Data supplied
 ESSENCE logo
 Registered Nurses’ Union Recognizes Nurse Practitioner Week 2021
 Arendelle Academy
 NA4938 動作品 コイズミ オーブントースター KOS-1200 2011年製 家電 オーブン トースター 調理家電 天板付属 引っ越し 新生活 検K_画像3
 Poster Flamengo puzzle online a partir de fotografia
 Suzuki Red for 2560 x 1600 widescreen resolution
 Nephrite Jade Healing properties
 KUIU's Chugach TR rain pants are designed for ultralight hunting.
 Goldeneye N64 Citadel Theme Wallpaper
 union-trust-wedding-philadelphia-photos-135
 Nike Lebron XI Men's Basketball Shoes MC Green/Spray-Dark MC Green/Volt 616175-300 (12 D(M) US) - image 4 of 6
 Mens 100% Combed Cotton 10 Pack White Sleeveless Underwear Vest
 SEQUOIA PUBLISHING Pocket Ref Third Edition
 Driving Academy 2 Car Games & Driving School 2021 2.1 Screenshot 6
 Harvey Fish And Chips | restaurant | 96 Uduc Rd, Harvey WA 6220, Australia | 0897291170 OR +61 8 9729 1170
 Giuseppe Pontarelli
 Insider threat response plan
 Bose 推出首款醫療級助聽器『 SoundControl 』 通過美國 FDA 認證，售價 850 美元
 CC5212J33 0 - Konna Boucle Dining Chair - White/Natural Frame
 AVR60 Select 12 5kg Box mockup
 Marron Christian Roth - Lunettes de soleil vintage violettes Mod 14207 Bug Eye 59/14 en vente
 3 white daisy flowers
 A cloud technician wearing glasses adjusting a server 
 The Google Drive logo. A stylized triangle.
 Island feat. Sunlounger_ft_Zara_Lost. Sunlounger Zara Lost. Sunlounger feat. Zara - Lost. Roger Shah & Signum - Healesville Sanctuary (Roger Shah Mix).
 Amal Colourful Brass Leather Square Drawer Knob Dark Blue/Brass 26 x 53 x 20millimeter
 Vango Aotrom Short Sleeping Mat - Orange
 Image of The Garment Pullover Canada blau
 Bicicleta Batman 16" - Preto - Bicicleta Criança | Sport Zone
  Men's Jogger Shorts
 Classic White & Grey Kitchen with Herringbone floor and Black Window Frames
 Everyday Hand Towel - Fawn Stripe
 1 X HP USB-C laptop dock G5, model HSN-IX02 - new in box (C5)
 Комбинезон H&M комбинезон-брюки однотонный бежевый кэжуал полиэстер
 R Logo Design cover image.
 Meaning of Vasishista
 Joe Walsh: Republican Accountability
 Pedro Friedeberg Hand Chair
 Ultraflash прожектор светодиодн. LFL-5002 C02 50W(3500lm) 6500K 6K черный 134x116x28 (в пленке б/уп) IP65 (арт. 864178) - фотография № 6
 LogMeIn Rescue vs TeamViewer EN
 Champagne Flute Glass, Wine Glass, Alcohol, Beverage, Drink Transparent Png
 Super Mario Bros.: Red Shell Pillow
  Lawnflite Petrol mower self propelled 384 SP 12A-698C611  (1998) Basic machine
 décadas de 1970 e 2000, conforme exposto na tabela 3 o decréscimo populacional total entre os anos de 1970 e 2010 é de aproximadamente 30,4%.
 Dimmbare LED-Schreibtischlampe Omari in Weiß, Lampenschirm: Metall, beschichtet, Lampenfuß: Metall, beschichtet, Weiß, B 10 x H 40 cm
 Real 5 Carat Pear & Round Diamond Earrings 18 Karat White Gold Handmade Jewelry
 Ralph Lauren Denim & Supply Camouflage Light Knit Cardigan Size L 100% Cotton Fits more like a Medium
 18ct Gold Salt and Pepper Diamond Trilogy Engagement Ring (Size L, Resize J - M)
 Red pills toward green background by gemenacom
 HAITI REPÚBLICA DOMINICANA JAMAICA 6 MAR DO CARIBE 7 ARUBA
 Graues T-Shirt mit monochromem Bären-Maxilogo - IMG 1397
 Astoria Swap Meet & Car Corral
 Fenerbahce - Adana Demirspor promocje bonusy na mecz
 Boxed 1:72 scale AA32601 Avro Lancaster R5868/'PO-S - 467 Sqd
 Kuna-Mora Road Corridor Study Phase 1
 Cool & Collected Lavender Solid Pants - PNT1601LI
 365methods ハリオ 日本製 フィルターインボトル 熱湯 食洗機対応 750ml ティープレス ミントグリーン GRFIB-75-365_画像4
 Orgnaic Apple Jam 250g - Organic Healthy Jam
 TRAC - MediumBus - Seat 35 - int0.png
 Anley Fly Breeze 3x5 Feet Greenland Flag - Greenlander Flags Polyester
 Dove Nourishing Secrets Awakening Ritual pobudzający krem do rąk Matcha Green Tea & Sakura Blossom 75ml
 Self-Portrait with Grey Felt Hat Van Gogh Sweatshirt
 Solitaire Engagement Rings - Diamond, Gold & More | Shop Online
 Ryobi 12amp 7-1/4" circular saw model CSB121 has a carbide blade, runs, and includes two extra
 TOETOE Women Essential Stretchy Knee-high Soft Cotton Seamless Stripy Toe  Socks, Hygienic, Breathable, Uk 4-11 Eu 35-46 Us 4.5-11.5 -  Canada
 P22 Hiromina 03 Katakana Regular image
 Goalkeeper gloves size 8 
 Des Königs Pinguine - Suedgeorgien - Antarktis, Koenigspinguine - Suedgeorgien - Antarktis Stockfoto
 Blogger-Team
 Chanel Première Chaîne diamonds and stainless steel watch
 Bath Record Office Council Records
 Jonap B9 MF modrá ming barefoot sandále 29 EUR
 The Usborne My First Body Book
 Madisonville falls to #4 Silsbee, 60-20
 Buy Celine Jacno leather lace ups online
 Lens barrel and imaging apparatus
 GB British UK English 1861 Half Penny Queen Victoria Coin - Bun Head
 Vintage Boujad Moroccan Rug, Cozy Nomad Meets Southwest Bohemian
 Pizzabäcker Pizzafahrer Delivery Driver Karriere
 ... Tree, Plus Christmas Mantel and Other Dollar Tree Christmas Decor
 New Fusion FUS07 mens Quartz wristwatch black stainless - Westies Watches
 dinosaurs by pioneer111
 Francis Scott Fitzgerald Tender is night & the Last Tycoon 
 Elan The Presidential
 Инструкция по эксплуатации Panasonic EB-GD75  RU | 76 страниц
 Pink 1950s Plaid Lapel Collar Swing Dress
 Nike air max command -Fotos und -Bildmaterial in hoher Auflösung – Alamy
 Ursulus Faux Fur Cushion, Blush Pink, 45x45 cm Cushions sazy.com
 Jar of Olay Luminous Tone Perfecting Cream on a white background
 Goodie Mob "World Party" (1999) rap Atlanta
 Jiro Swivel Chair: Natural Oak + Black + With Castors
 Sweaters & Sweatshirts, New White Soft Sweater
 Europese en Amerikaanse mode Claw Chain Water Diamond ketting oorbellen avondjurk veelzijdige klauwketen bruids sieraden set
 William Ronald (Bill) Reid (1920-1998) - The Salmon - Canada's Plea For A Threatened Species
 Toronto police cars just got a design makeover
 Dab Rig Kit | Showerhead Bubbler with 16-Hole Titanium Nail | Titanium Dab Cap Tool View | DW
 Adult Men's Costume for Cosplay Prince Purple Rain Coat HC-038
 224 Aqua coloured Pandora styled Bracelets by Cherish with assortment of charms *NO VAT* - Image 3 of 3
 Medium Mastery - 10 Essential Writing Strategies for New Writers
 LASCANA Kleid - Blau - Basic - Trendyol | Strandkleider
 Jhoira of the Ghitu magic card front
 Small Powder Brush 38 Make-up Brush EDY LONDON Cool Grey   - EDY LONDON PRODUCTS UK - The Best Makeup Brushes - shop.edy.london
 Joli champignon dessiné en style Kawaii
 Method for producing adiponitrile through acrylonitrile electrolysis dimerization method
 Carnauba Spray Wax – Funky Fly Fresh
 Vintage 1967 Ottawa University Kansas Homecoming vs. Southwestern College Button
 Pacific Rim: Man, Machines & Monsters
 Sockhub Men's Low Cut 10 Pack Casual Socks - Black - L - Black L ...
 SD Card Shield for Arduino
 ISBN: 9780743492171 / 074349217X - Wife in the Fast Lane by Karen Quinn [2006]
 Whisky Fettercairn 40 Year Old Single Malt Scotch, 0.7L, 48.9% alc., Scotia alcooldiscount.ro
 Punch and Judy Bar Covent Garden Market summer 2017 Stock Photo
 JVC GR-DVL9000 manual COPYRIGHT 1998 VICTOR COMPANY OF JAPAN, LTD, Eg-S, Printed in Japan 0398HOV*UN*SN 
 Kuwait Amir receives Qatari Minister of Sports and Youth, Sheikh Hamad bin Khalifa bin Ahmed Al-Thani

Task brief
Restate word for word the lines of the data above, starting at the line containing "Pink 1950s Plaid Lapel Collar Swing Dress" and ending at the line containing "Joli champignon dessiné en style Kawaii", both included, and nothing more.

Response to this exercise
 Pink 1950s Plaid Lapel Collar Swing Dress
 Nike air max command -Fotos und -Bildmaterial in hoher Auflösung – Alamy
 Ursulus Faux Fur Cushion, Blush Pink, 45x45 cm Cushions sazy.com
 Jar of Olay Luminous Tone Perfecting Cream on a white background
 Goodie Mob "World Party" (1999) rap Atlanta
 Jiro Swivel Chair: Natural Oak + Black + With Castors
 Sweaters & Sweatshirts, New White Soft Sweater
 Europese en Amerikaanse mode Claw Chain Water Diamond ketting oorbellen avondjurk veelzijdige klauwketen bruids sieraden set
 William Ronald (Bill) Reid (1920-1998) - The Salmon - Canada's Plea For A Threatened Species
 Toronto police cars just got a design makeover
 Dab Rig Kit | Showerhead Bubbler with 16-Hole Titanium Nail | Titanium Dab Cap Tool View | DW
 Adult Men's Costume for Cosplay Prince Purple Rain Coat HC-038
 224 Aqua coloured Pandora styled Bracelets by Cherish with assortment of charms *NO VAT* - Image 3 of 3
 Medium Mastery - 10 Essential Writing Strategies for New Writers
 LASCANA Kleid - Blau - Basic - Trendyol | Strandkleider
 Jhoira of the Ghitu magic card front
 Small Powder Brush 38 Make-up Brush EDY LONDON Cool Grey   - EDY LONDON PRODUCTS UK - The Best Makeup Brushes - shop.edy.london
 Joli champignon dessiné en style Kawaii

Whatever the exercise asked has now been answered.